13. GUARANTEE AND EXCLUSIONS OF LIABILITY
(a) Where goods are supplied new with a manufacturer's guarantee, the buyer shall have the advantage of that guarantee.
(b) Where goods are supplied second hand or without a manufacturer's guarantee, then the buyer shall have only those rights which the buyer and JSP agree under the contract that the buyer shall have. Where, under (a) or (b) above the buyer is entitled to rights under a guarantee, those rights will only be effective provided that:-
(i) the buyer has followed JSP's/the manufacturer's instructions as to the cleaning, lubrication, operation and general maintenance.
(ii) In the case of defects which would have been apparent to the buyer on reasonable examination of the goods on delivery the buyer notifies JSP within 10 days in writing of the date of delivery.
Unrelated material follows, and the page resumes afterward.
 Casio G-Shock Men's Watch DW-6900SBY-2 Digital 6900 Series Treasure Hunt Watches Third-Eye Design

(iii) In the case of any other defects the buyer notifies JSP of the defects within 7 days of the date when the defects become apparent.
(iv) Unless otherwise agreed the defective goods are promptly returned carriage paid.
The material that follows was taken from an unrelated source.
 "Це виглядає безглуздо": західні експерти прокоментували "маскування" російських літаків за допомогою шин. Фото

(c) JSP shall in no circumstances be liable for damage by fair wear and tear or for damage due to neglect or improper handling of the goods by the buyer, his employee or his agent, or for the cases in which damage is due to any cause beyond JSP's control or for cases in which repairs or alterations have been carried out by the buyer without JSP's prior knowledge and control.
(d) JSP shall not be liable for consequential loss or damage and shall have no other or further liability in respect of the goods or any defects therein and all conditions and warranties whether express or implied by law as to the quality of the goods or their fitness for a particular purpose or as to the design, workmanship and manufacture thereof and the materials used therein or as to the validity of patents or licence or otherwise in any way are expressly excluded except to the extent that this paragraph may be held not to satisfy any requirement of reasonableness imposed by the Unfair Contract Terms Act 1997 or any statutory modification or re-enactment thereof.
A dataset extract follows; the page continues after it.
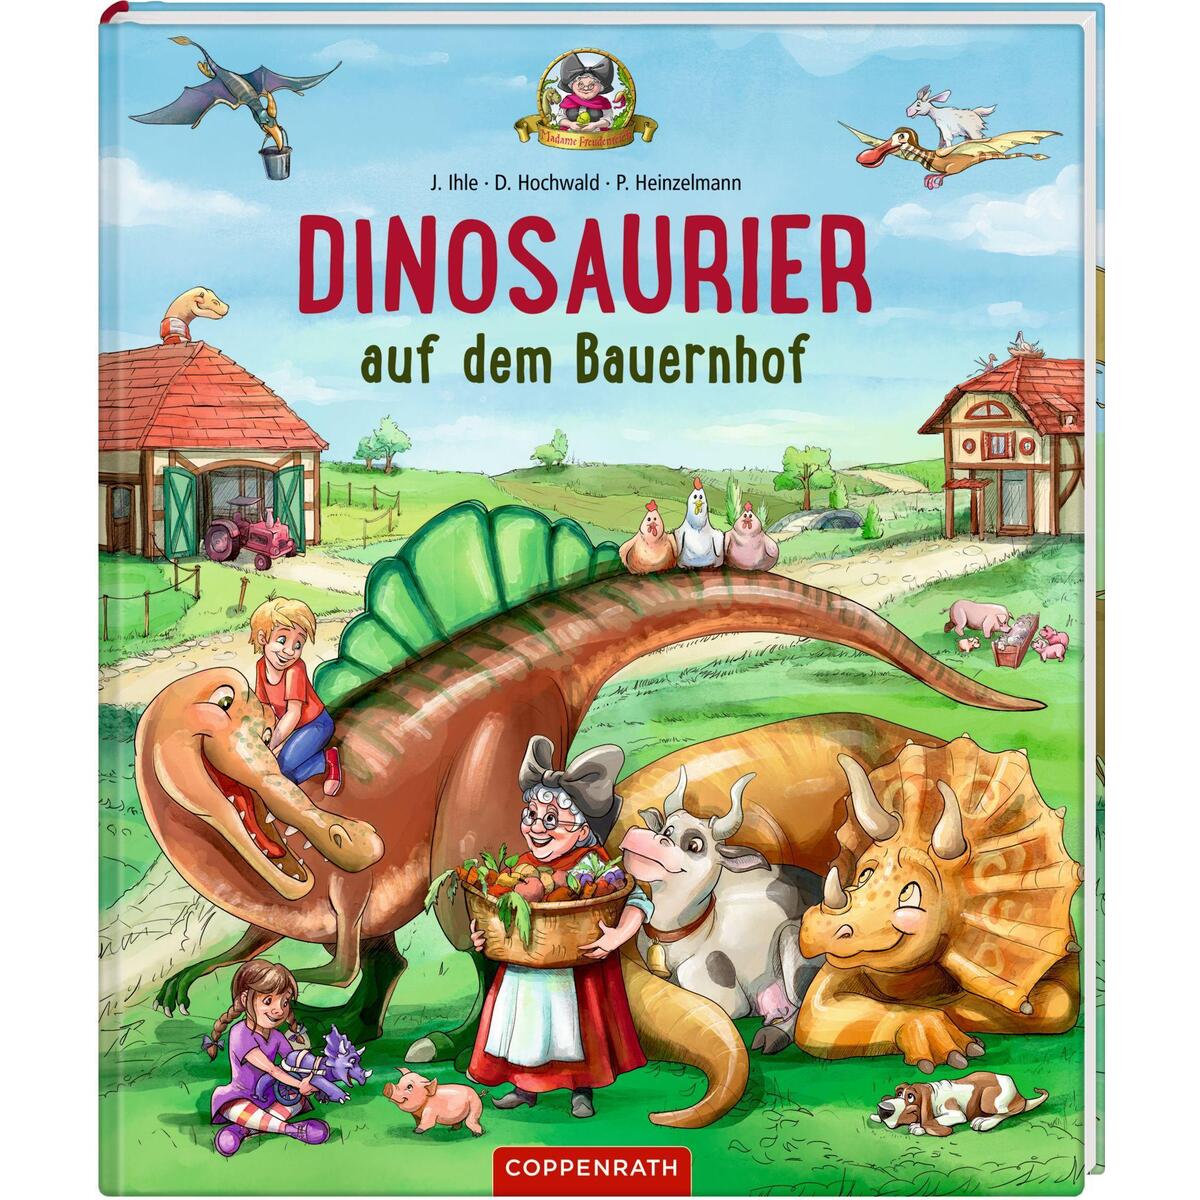 Dinosaurier auf dem Bauernhof (Bd. 4) von Coppenrath F

(e) JSP shall have no liability for any information or advise given in connection with the supply of the goods.
(f) Except to the extent that this paragraph may be held not to satisfy the requirements of reasonableness imposes by or other provision of the Unfair Contract Terms Act 1997 or any statutory modification or re-enactment thereof, JSP shall not be responsible for any injury, damage or loss cause directly or indirectly by the goods whether as a result of their operation or use or otherwise and whether as a result of any defect therein or otherwise and the buyer shall indemnify JSP against any claim arising from any such injury, damage or loss.
14. FORCE MAJEURE
Notwithstanding the provision of any other term of this contract neither party shall be regarded by the other as in breach thereof to the extent that such party is prevented from or hindered in fulfilling his or her or its obligation hereunder by any circumstances outside his or its reasonable control (including strikes or lockouts whether in the United Kingdom or abroad) provided that such party shall have given written notice to the other party of such circumstances within a reasonable time after learning of them. If any circumstances the subject of any such notice shall either alone or in aggregate with the circumstances of any such or any other notice continue for a period exceeding three calendar months to prevent or hinder the performance of this contract by either party then the other party may be written notice to the other terminate this contract with regard to any unperformed portion thereof.
These conditions supersede all previously issued conditions of sale.
16. LEGAL CONSTRUCTION
The contract shall in all respects be governed by and construed in accordance with English law.